Vitaly Stepanov said that following the IOC decision not to allow Yuliya to compete at the Rio 2016 Olympics, despite the information she was able to give the WADA Independent Commission set up to investigate allegations of systemic Russian doping, there was little incentive for Russian athletes and officials to come forward. “Once you talk, you’ll lose all positions, be banished from sport, the clubs, the army, Gazprom”, he said. “Whoever speaks loses everything and must start from scratch.”
As a press release reveals, Vitaly Stepanov first contacted WADA about systemic Russian doping in 2010, however WADA has argued that it couldn’t investigate until it was granted new powers under the 2015 World Anti-Doping Code. WADA eventually praised the Stepanovs for coming forward, however nothing was done until Hajo Seppelt produced a documentary for German television in 2014.
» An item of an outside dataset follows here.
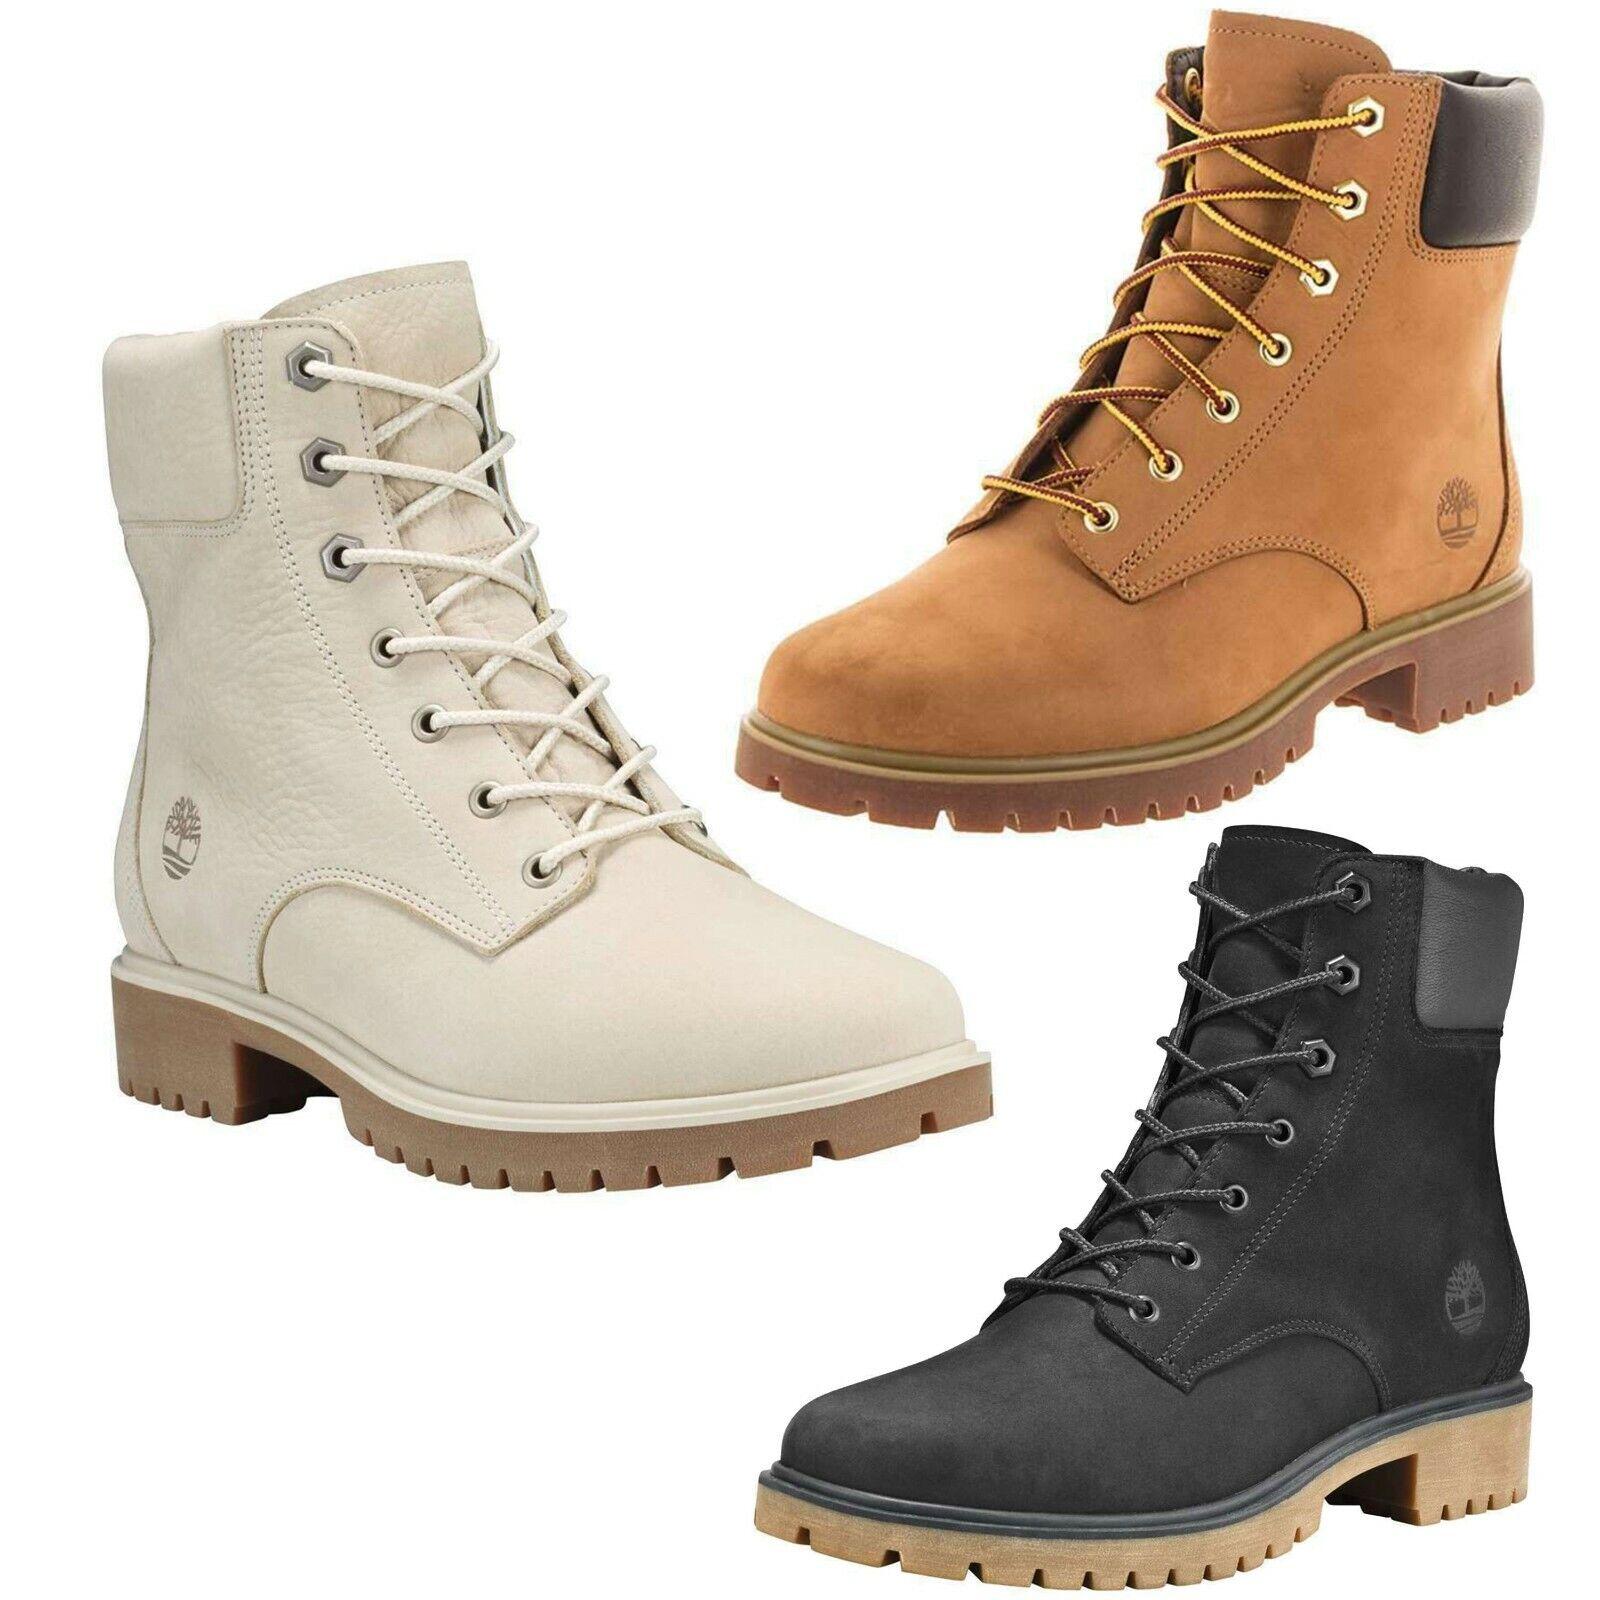 Timberland Women's Jayne 6 Inch Waterproof Rustproof Leather Winter Boots

The IOC criticised Yuliya for being part of the system she helped present evidence about, which appears to be a contradiction in terms. ‘The sanction to which she was subject and the circumstances in which she denounced the doping practices which she had used herself, do not satisfy the ethical requirements for an athlete to enter the Olympic Games’, read the IOC Ethics Commission’s recommendations on her eligibility for Rio 2016. “Had I not been part of that system, I wouldn’t be in a position to talk about it”, pointed out Yuliya. “I wouldn’t know what I know and wouldn’t have anything to share”.